大クスの保護を呼び掛けた牟婁新報の記事を読んだ熊楠が、当時、国の官僚だった柳田国男と東京朝日新聞の杉村楚人冠に保護について協力を依頼した。柳田にあてた手紙(1911年6月26日付)には、熊野は「半
熱帯」で古来神社には神体としてのクスがあり、これを切るのは神の威厳を損じると書いている。
博物学者白井光太郎にあてた書簡(12年2月9日付)には引作神社に「全国一という(中略)直径一丈三尺余の大樟あり」と説明している。
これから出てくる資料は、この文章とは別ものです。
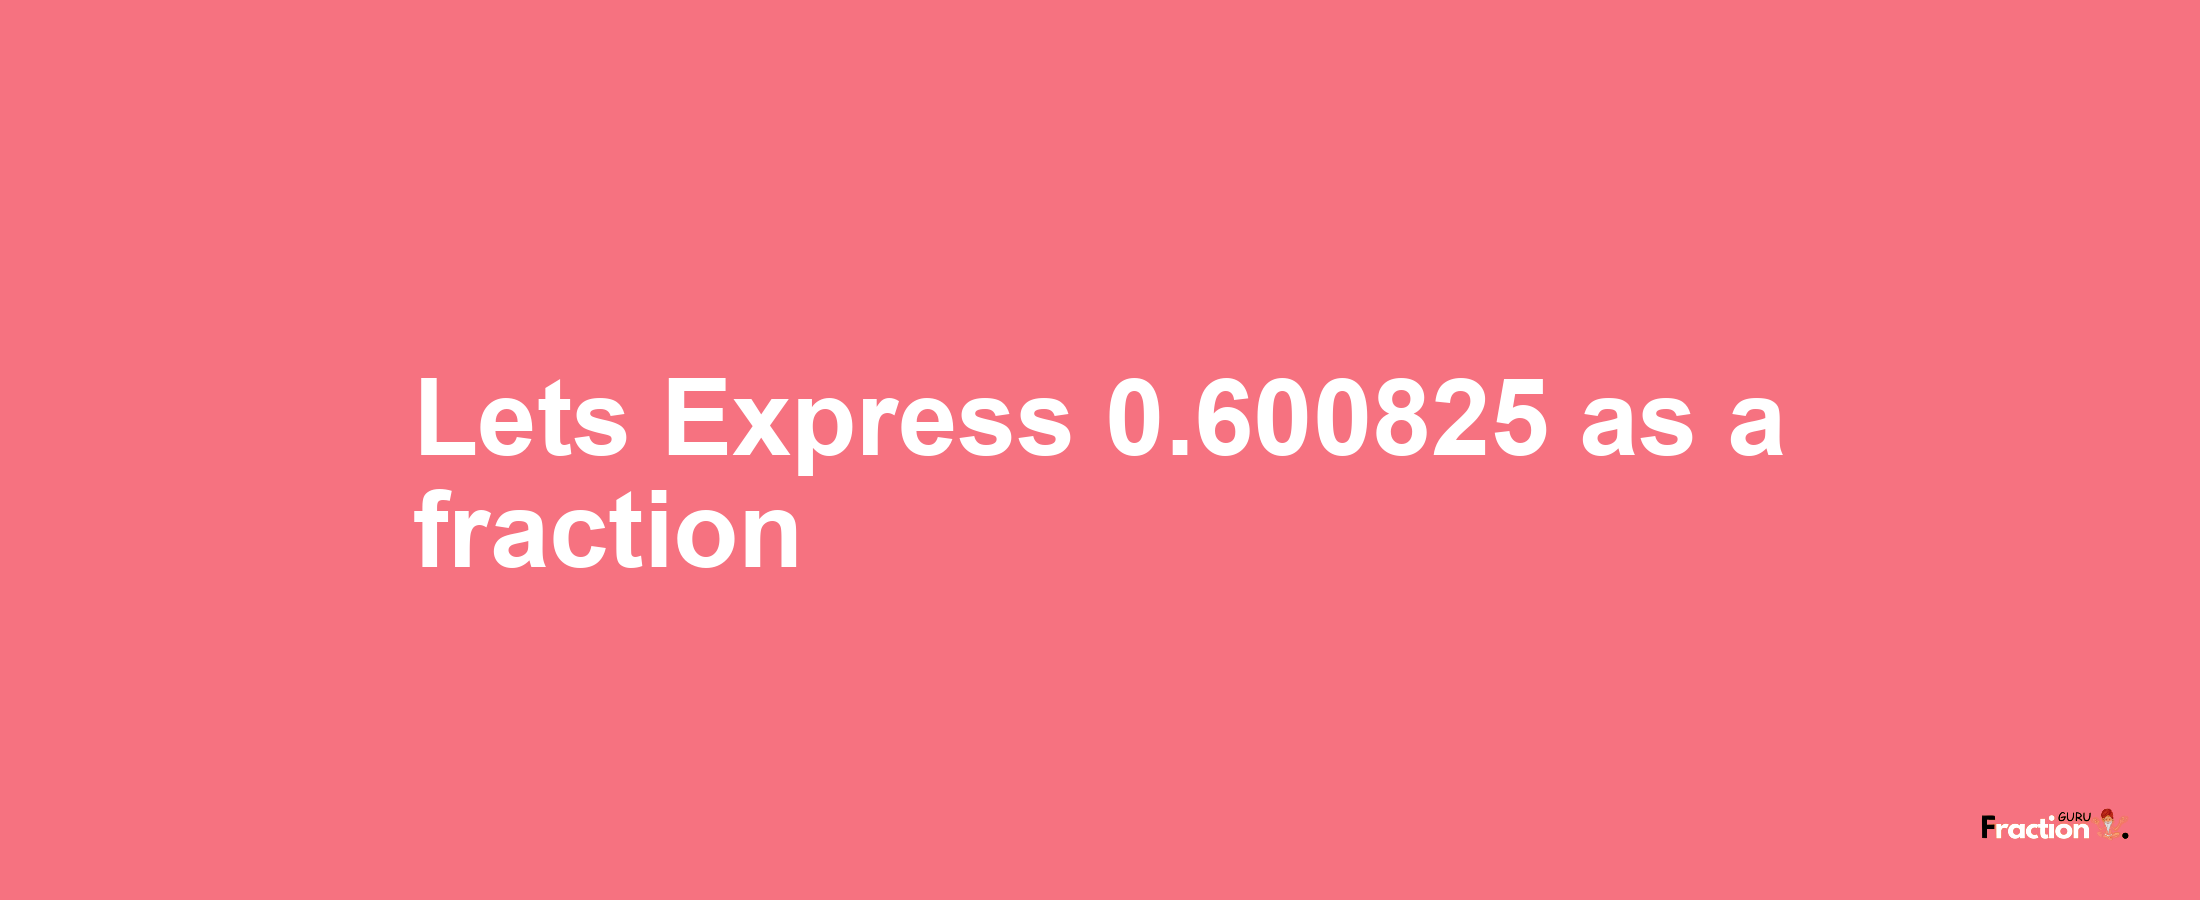 Lets Express 0.600825 as afraction

2007年9月、根元から4・4メートルの所で5本に分かれた枝のうち、東に張り出した大枝が折れた。幹の空洞化が主な原因と考えられる。御浜町が解体、保管し、活用を検討していたが、今年8月下旬に田辺市に一部
を贈呈し、交流のきっかけにできないかとの申し出があった。
贈られたのは大枝の一部を切った末口部1枚(長径約2メートル、短径約1メートル、厚さ約1メートル)、元口部2枚(長径約1メートル、短径約80センチ、厚さ約75センチ)。顕彰館では、これを材料に、来館者に触れても
らい、大枝の大きさを感じてもらえるようなものを作ろうと検討している。
中瀬喜陽館長は「熊楠は巨樹にもし言葉があれば、樹下にたたずんだ人のこと、行き過ぎた旅人、歴史のさまざまを語る重要な証人と見ていた。クスの語ることばに耳を傾けたい」とコメントしている。